Description of the task: Copy, exactly as written, the lines that begin at the one containing "Flax Pudding (5" and end at the one containing "The new Plantronics". Skip any pictures in the data below.

Exercise materials:
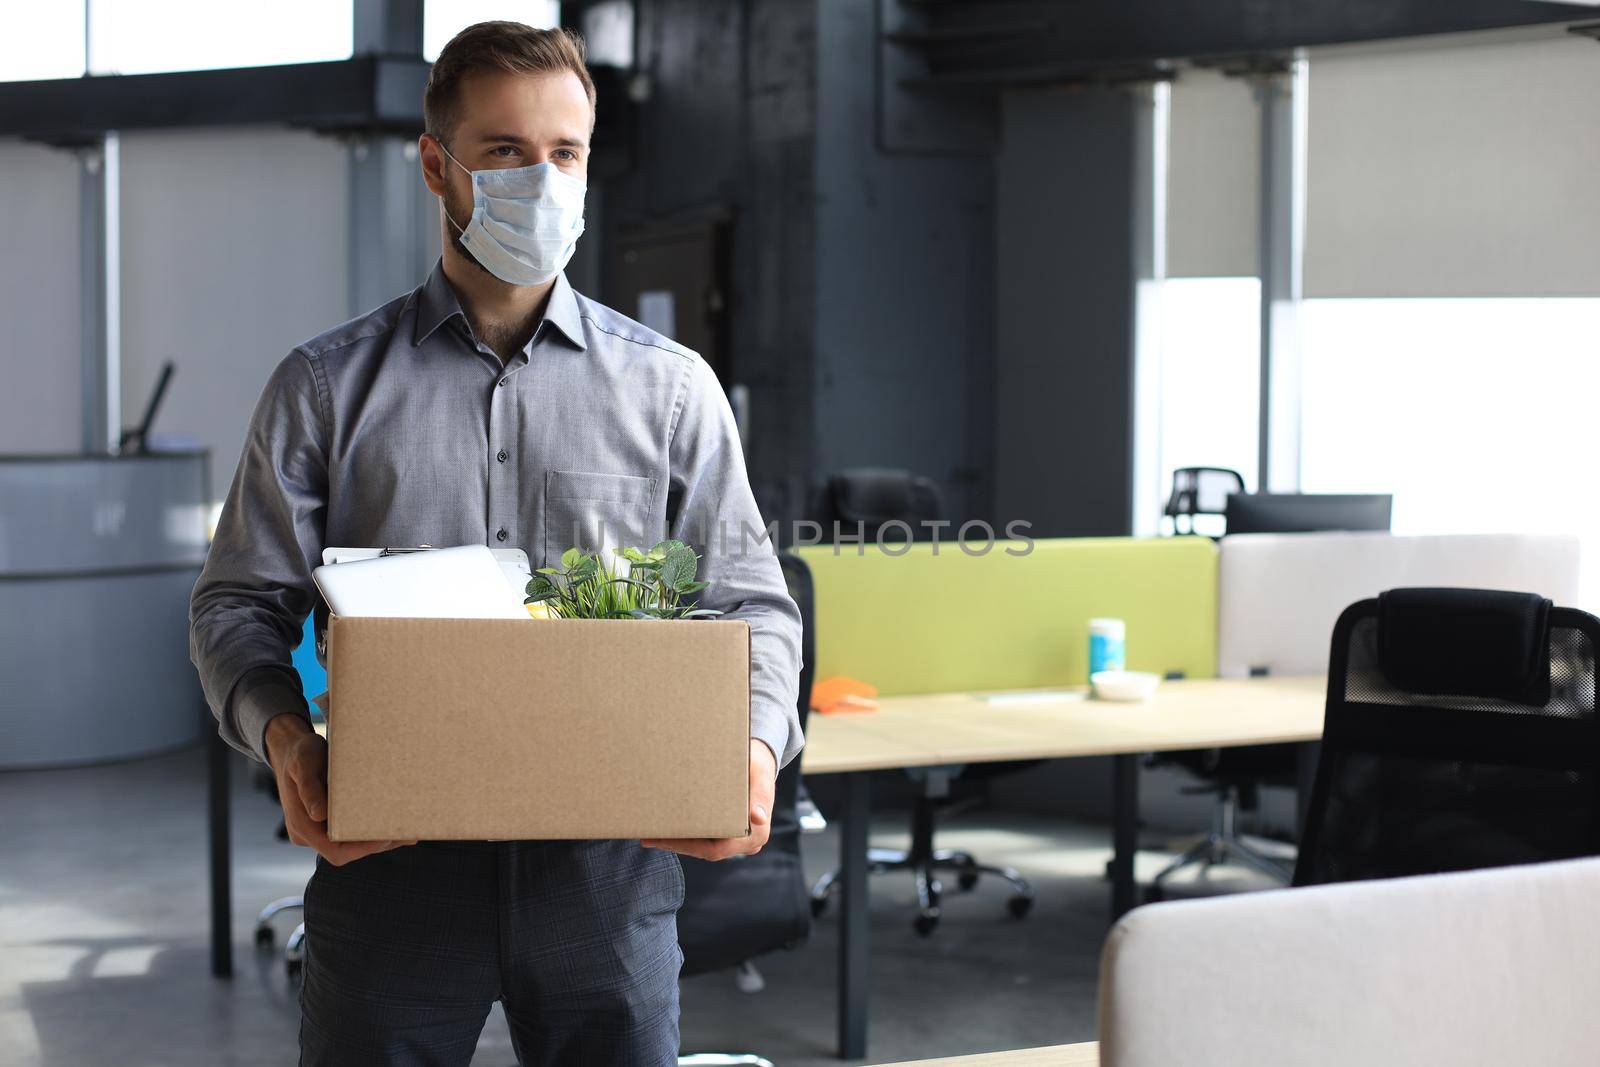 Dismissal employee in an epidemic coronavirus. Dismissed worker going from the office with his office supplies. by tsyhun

* * *

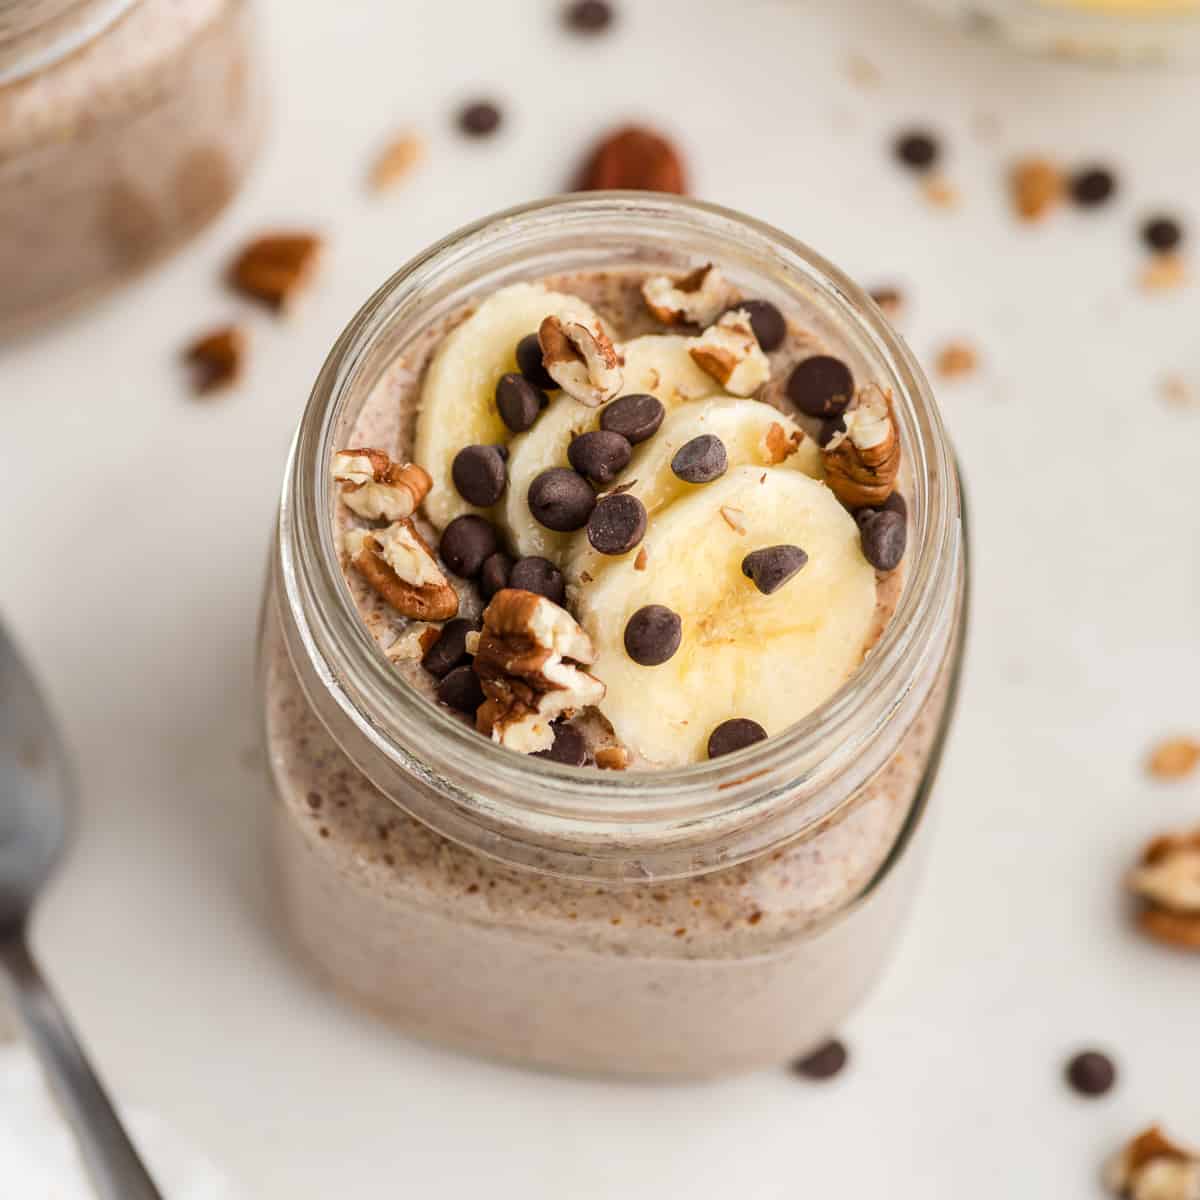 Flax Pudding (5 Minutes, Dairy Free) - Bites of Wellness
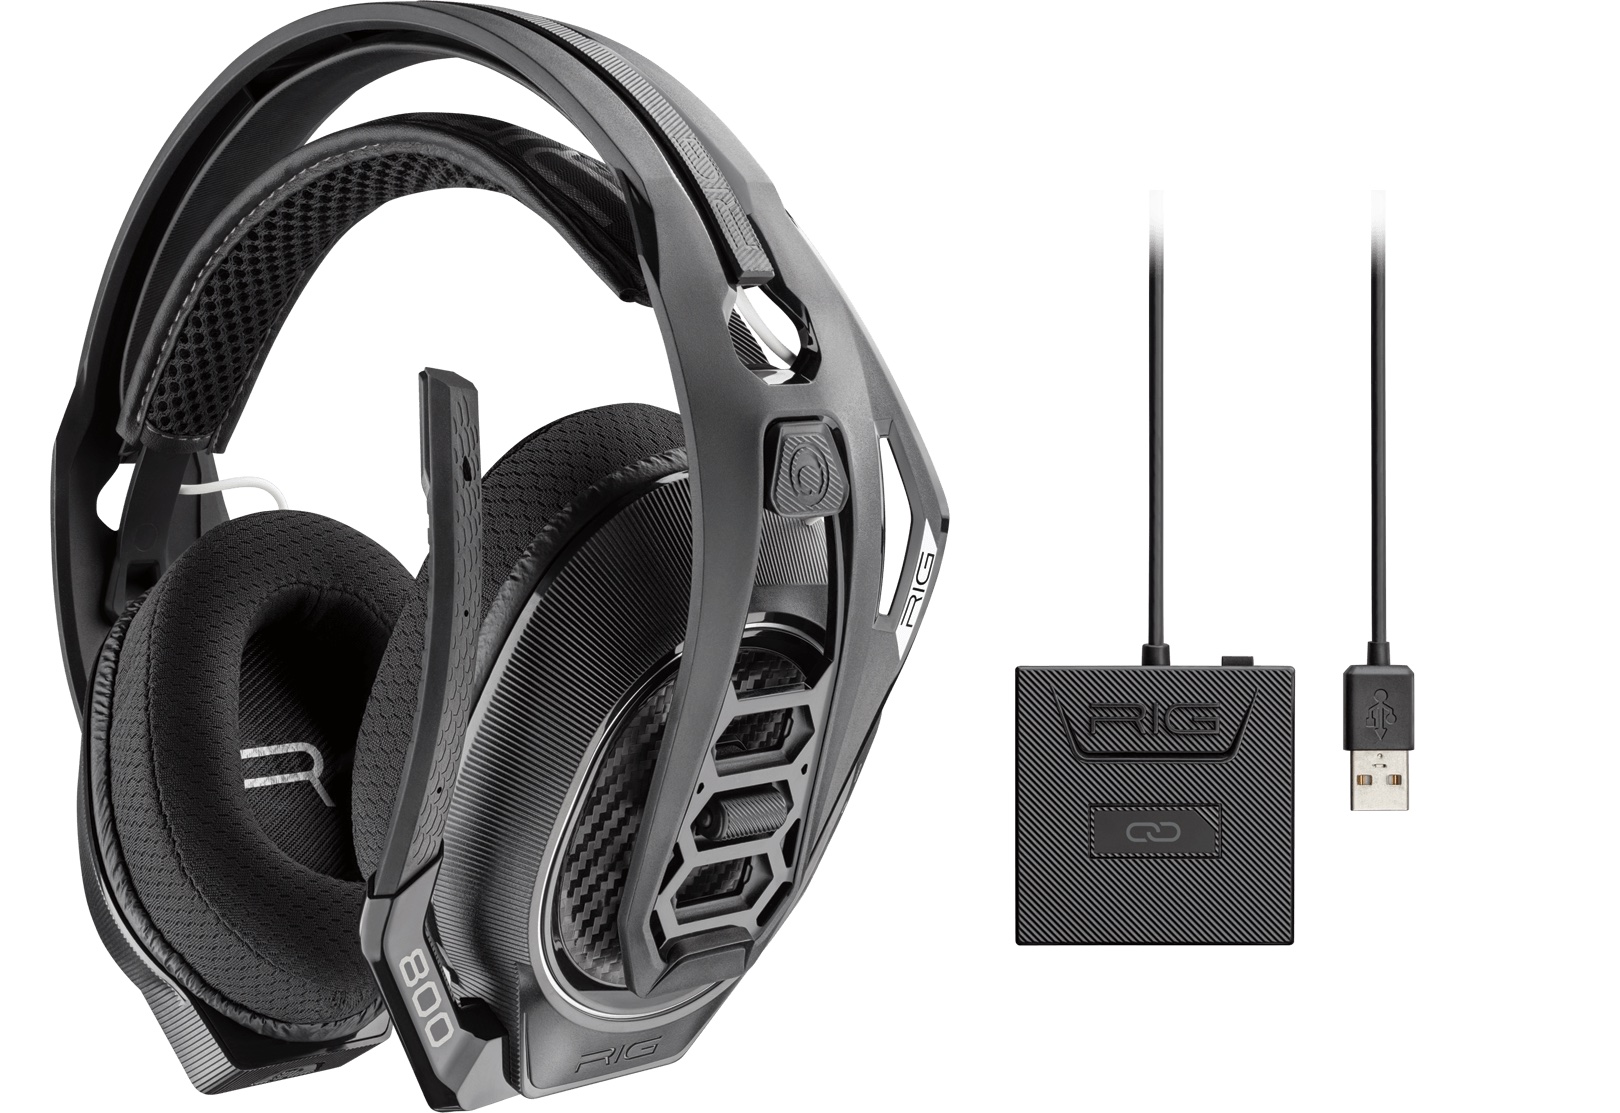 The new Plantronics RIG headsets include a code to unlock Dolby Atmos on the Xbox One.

Task result:
 Flax Pudding (5 Minutes, Dairy Free) - Bites of Wellness
 The new Plantronics RIG headsets include a code to unlock Dolby Atmos on the Xbox One.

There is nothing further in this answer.